About the Role: The Vision & Learning team is responsible for building out the future of Matterport's core technologies, spanning the 3D reconstruction of spaces from physical data to the semantic understanding of our digital twins. Along with our ever-growing user base, the scales at which we need to apply these technologies and the massive datasets of complex real-world data upon which we're refining them are expanding rapidly. We see the challenges of these scales as opportunities, and we believe that efficient and robust infrastructure is central to surmounting them.
Our ideal candidate for this role sees this opportunity and is passionate about building out the infrastructure that can make the most of it. They'll find excitement in accelerating the capture of small apartments with mobile devices and are eager to navigate the complexity and compute resources involved in correctly reconstructing massive museums and stadiums alike. They understand that data is essential to powering the machine learning approaches to such problems, and are already planning out how we'll train upon ever more examples per second.If grappling with terabytes of data, scaling cutting-edge computer vision and machine learning technologies, and creating value for real users appeals to you, then we’d love to talk!
What you will do: Working side-by-side with the computer vision and deep learning engineers on the team and reporting directly to the VP of Software for Vision & Learning, you'll be responsible for accelerating the research and productization of Matterport's core technologies.

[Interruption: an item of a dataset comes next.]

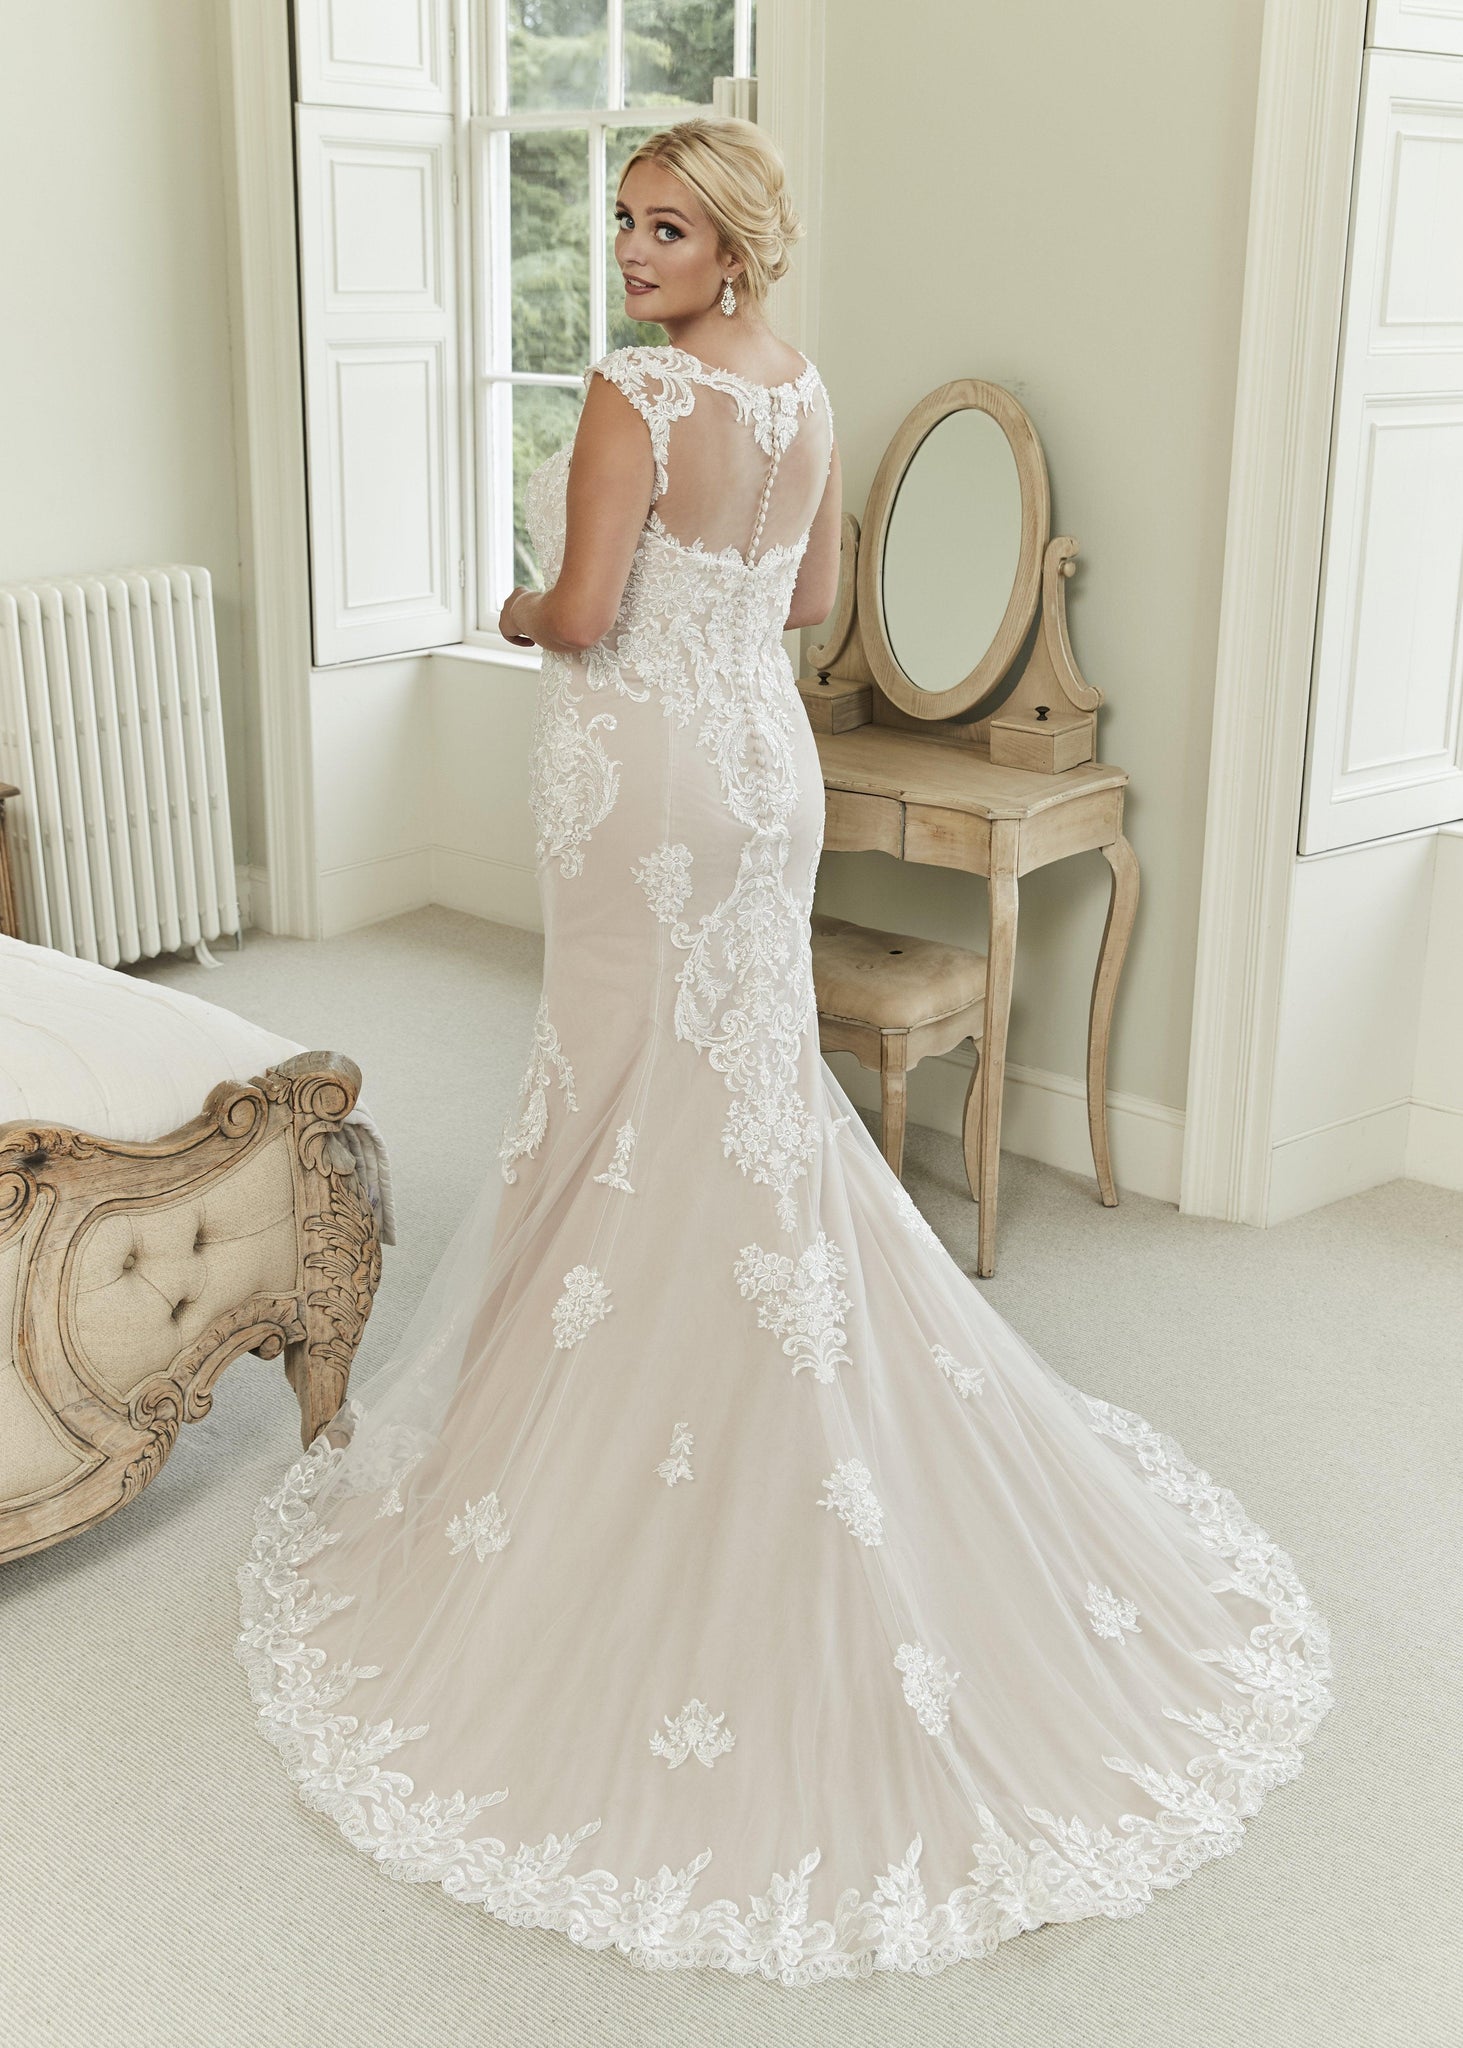 UK26 LisaMarie - Adore Bridal and Occasion Wear

You may expect to: advocate for tools and technologies to accelerate research organize and build out systems to make data accessible to the team identify common threads in team activities and standardize experimental workflows, emphasizing metrics-driven research distribute neural network training across fleets of compute servers to leverage massive datasets optimize machine learning inference on mobile devices for near real-time use liaison between research and platform teams at Matterport to facilitate rapid deployment and iteration of products
Who you are: Some baseline experience and skills necessary to succeed in the role 4+ years of software engineering experience Experience building scalable backend services or data processing pipelines Solid understanding of ML/DL fundamentals and production ML workflows Ability to write performant, well-tested, production-ready Python code Additional experience and skills that will help you succeed: Experience with Docker/Kubernetes/Terraform/AWS/GCP Experience training machine learning models using PyTorch or Tensorflow Experience building deep learning pipelines including: Metrics collection, experiment tracking and hyperparameter tuning (e.g. W&B, Comet.ML, DVC.org) ML lifecycle platform utilization (e.g. SageMaker, Metaflow, MLflow) Distributed training (e.g. DeepSpeed, Horovod)Experience optimizing model inference e.g. via quantization/pruning Experience deploying trained models for inference on either: Cloud, addressing issues of compute autoscaling Mobile, addressing issues of model conversion (i.e. for iOS / Android) Experience developing Python bindings or cloud interfaces to tooling written in C++
Matterport is leading the digital transformation of the built world. Our groundbreaking spatial computing platform turns buildings into data making every space more valuable and accessible. Millions of buildings in more than 150 countries have been transformed into immersive Matterport digital twins to improve every part of the building lifecycle from planning, construction, and operations to documentation, appraisal, and marketing. We’re excited to announce that Matterport is now publicly listed on NASDAQ. It’s an exciting time to join us!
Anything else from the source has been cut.